En 1937, le Californien John Cage invente le « piano préparé ». En 1952, avec 4’33’’, il déclenche un des plus grands bouleversements que la musique occidentale ait connu. Au début des années 1960, La Monte Young et Terry Riley donnent une première impulsion au minimalisme, avant que Steve Reich et Philip Glass lui confèrent sa dimension répétitive.
Bruits et sons du monde
Dans cette pièce radicale de John Cage, le pianiste est assis devant son instrument, mais ne produit aucun son. 4’33’’ se veut une réflexion profonde sur la nature même du silence et sur son absence d’opposition fondamentale avec le son. Entrer dans le silence permet à l’oreille de découvrir d’autres univers sonores jusqu’alors négligés qui peuvent à tout moment devenir musique par la seule importance que l’on veut leur accorder. Selon Cage, « tout ce que nous faisons est musique » dans ce vaste continuum qui, partant du silence, embrasse potentiellement tous les bruits et sons du monde, qu’ils soient organisés ou non. John Cage poursuivit ses expériences musicales sans jamais se soucier des conventions et des idéologies. Il cultiva une sérénité intérieure en rejetant l’expressivité de la musique occidentale et les émotions qu’elle suscite. Il réalisa, entre autres, de nombreux happenings, notamment avec son ami le chorégraphe Merce Cunningham (1919-2009), conçut des partitions graphiques ou encore fit entrer le hasard dans le processus de composition.

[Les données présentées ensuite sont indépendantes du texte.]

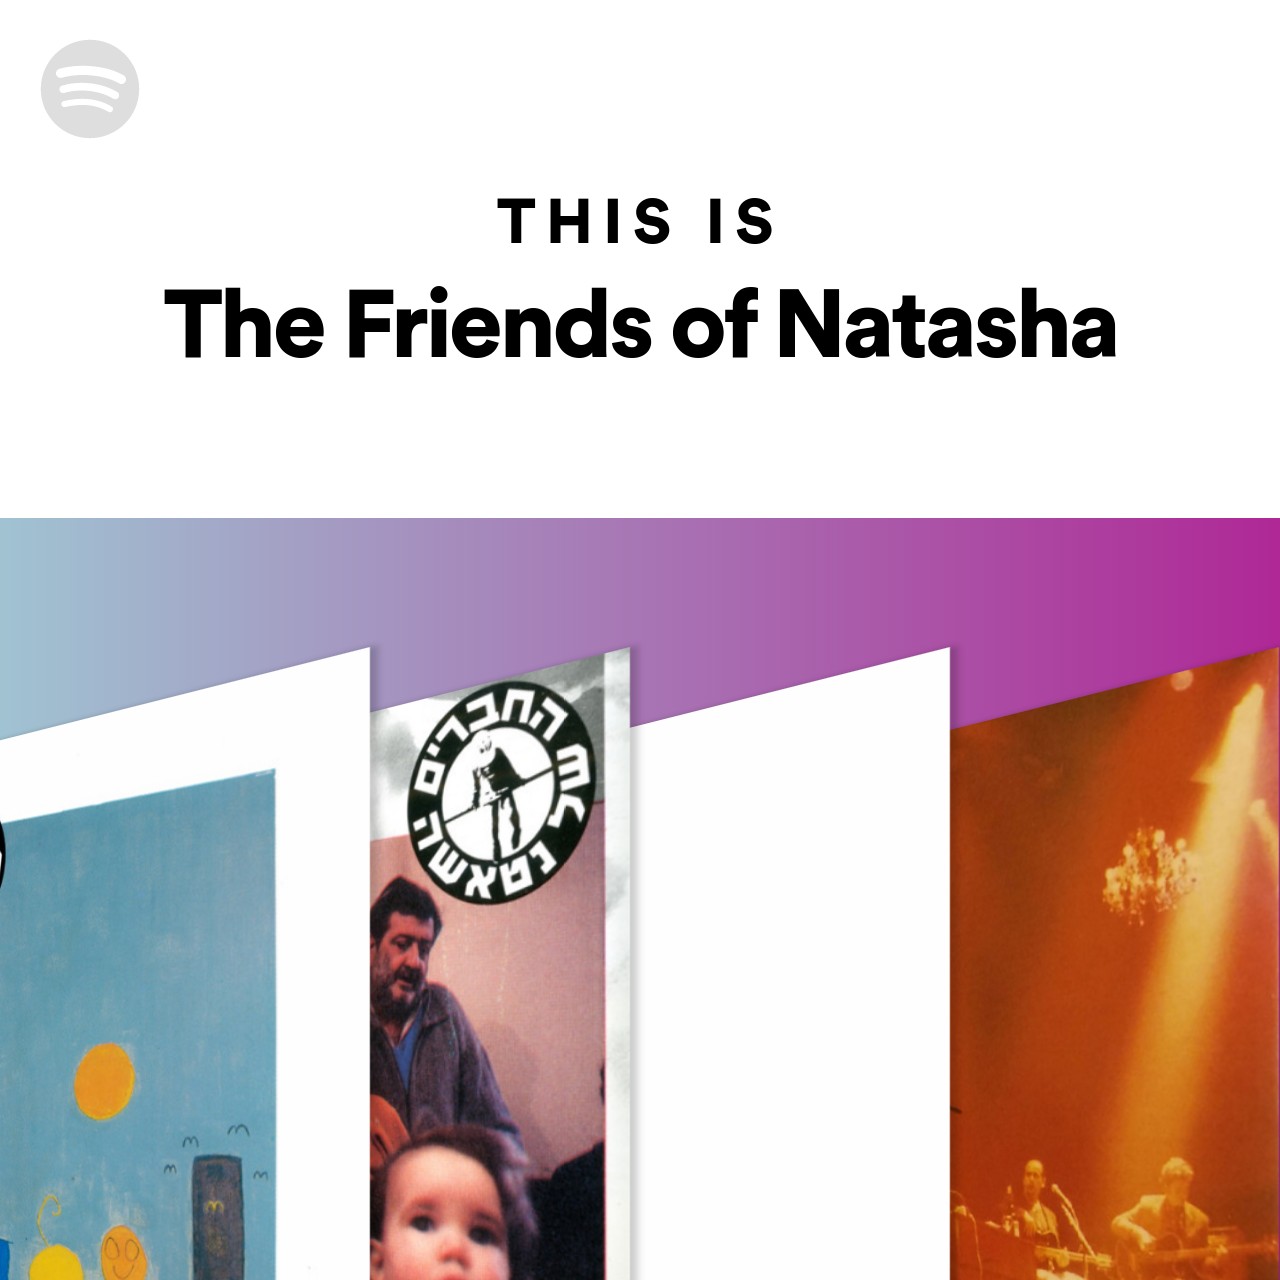 This Is The Friends of Natasha

Une autre révolution musicale majeure eut lieu également en Californie. La Monte Young (né en 1935) réalisa, en 1958, un Trio à cordes qui, par son extrême économie de moyens, peut être considéré comme la première pièce minimaliste. En effet, des notes tenues parfois pendant plusieurs minutes sont entrecoupées de silences pouvant atteindre 40 secondes. La Monte Young cultiva ensuite la vibration sonore infiniment prolongée en réalisant avec quelques amis un projet utopique nommé The Theatre of Eternal Music qui consistait à jouer jour et nuit, sans interruption, des improvisations reposant sur un bourdon. Avec sa femme Marian Zazeela, La Monte Young réalisa aussi des espaces sonores et lumineux appelés Dream Houses, conçus pour durer des années. On lui doit également une immense œuvre pour piano, The Well-Tuned Piano (1964), dont les dernières versions atteignent plus de cinq heures.
Minimalisme répétitif
Dans les années 1960, son ami Terry Riley (né en 1935), donna au minimalisme une autre direction en cultivant le principe de répétition à partir de quelques notes. Sa célèbre pièce In C (1964) connut un succès considérable en touchant notamment un public jeune et jusqu’alors réfractaire à la musique dite « savante ». In C est de longueur et d’effectif variables. Elle contient 53 petits fragments qui sont joués dans un tempo stable marqué par une pulsation constamment présente. Chaque musicien joue chacun des modules autant de fois qu’il le souhaite avant de passer au suivant. L’exécution prend fin lorsque tous les musiciens ont atteint le dernier module. Terry Riley s’écarta ensuite du minimalisme répétitif pour s’orienter vers de longues improvisations réalisées lors de concerts qui pouvaient durer toute une nuit. Le New-Yorkais Steve Reich (né en 1936) s’empara du minimalisme répétitif qu’il explora avec plus de constance et de façon très personnelle, en utilisant divers procédés d’écriture dérivés du canon et en enrichissant le langage harmonique tout en restant dans le système tonal. Philip Glass (né en 1937) explora également le minimalisme répétitif dans une grande variété de genres musicaux allant de la musique pour soliste à l’opéra en passant par la symphonie. Il a également écrit la musique de nombreux films. Comme ses amis Riley et Reich, Glass a cherché à composer une musique accessible au plus grand nombre – une démarche qui se situe aux antipodes des recherches formalistes des compositeurs sériels.